TMKP1 is a novel wheat stress responsive MAP Kinase phosphatase localized in the nucleus.

机构信息

Laboratoire de Génétique Moléculaire des Plantes du Centre de Biotechnologie de Sfax, Route Sidi Mansour BP, Sfax, Tunisia.

出版信息

Plant Mol Biol. 2010 Jun;73(3):325-38. doi: 10.1007/s11103-010-9617-4. Epub 2010 Mar 4.

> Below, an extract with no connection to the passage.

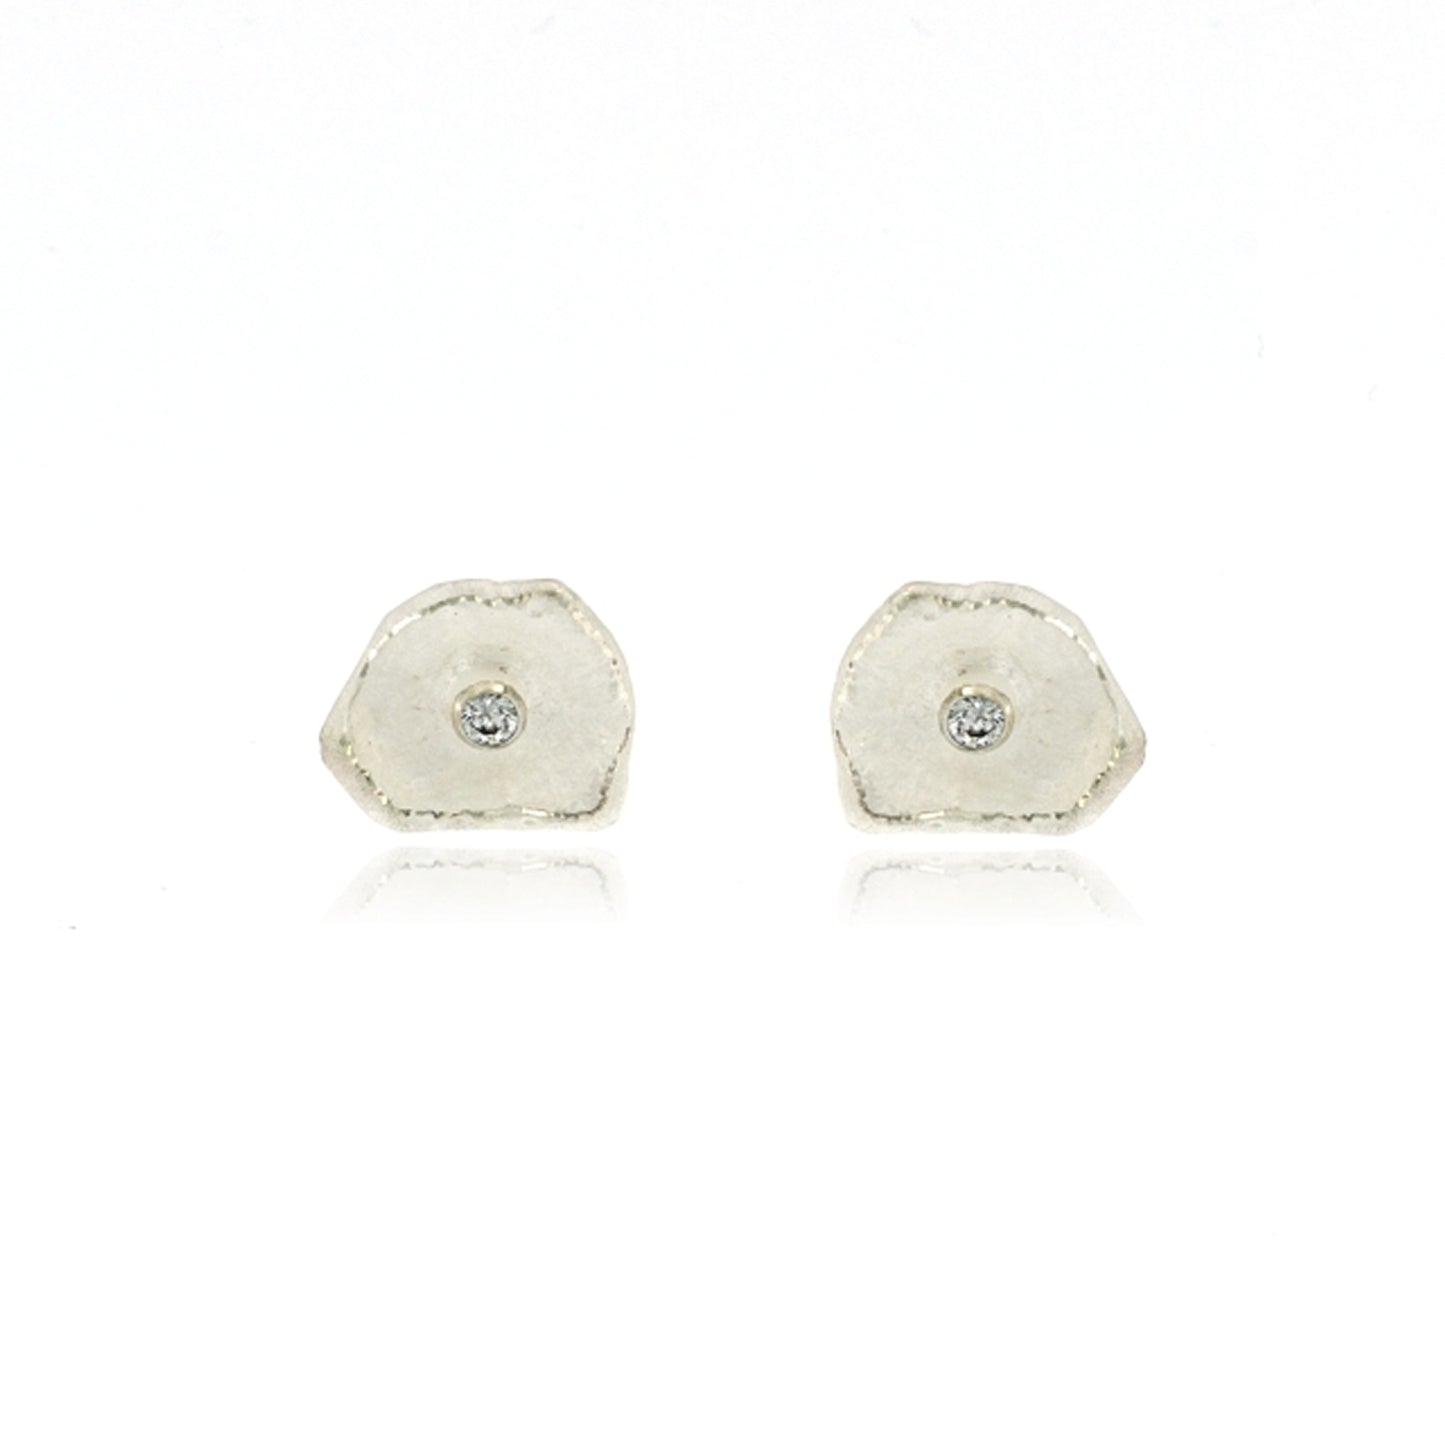 Mysterium Collection Sterling Petal & CZ Earrings (Sm)

DOI:10.1007/s11103-010-9617-4
PMID:20204675
Abstract

The regulation of plant signalling responses by Mitogen-Activated Protein Kinases (MAPKs)-mediated protein phosphorylation is well recognized. MAP kinase phosphatases (MKPs) are negative regulators of MAPKs in eukaryotes. We report here the identification and the characterization of TMKP1, the first wheat MKP (Triticum turgidum L. subsp. Durum). Expression profile analyses performed in two durum wheat cultivars showing a marked difference in salt and drought stress tolerance, revealed a differential regulation of TMKP1. Under salt and osmotic stress, TMKP1 is induced in the sensitive wheat variety and repressed in the tolerant one. A recombinant TMKP1 was shown to be an active phosphatase and capable to interact specifically with two wheat MAPKs (TMPK3 and TMPK6). In BY2 tobacco cells transiently expressing GFP::TMKP1, the fusion protein was localized into the nucleus. Interestingly, the deletion of the N-terminal non catalytic domain results in a strong accumulation of the truncated fusion protein in the cytoplasm. In addition, when expressed in BY2 cells, TMPK3 and TMPK6 fused to red fluorescent protein (RFP) were shown to be present predominantly in the nucleus. Surprisingly, when co-expressed with the N-terminal truncated TMKP1 fusion protein; both kinases are excluded from the nuclear compartment and accumulate in the cytoplasm. This strongly suggests that TMKP1 interacts in vivo with TMPK3 and TMPK6 and controls their subcellular localization. Taken together, our results show that the newly isolated wheat MKP might play an active role in modulating the plant cell responses to salt and osmotic stress responses.

摘要

丝裂原活化蛋白激酶(MAPKs)介导的蛋白质磷酸化调节植物信号转导反应已得到广泛认可。MAPK 磷酸酶(MKPs)是真核生物中 MAPKs 的负调控因子。我们在此报告了 TMKP1 的鉴定和特征,TMKP1 是第一个小麦 MKP(Triticum turgidum L. subsp. Durum)。在两个表现出明显耐盐和耐旱差异的硬粒小麦品种中进行的表达谱分析显示,TMKP1 的表达受到差异调控。在盐和渗透胁迫下,敏感小麦品种中 TMKP1 被诱导,而耐盐品种中 TMKP1 被抑制。重组 TMKP1 被证明是一种具有活性的磷酸酶,能够与两种小麦 MAPKs(TMPK3 和 TMPK6)特异性相互作用。在瞬时表达 GFP::TMKP1 的 BY2 烟草细胞中,融合蛋白被定位到细胞核中。有趣的是,缺失非催化的 N 端结构域会导致截短融合蛋白在细胞质中强烈积累。此外,当在 BY2 细胞中表达时,与红色荧光蛋白(RFP)融合的 TMPK3 和 TMPK6 主要存在于细胞核中。令人惊讶的是,当与 N 端截断的 TMKP1 融合蛋白共表达时,两种激酶都被排除在核区室之外,并积累在细胞质中。这强烈表明 TMKP1 在体内与 TMPK3 和 TMPK6 相互作用,并控制它们的亚细胞定位。总之,我们的结果表明,新分离的小麦 MKP 可能在调节植物细胞对盐和渗透胁迫反应中发挥积极作用。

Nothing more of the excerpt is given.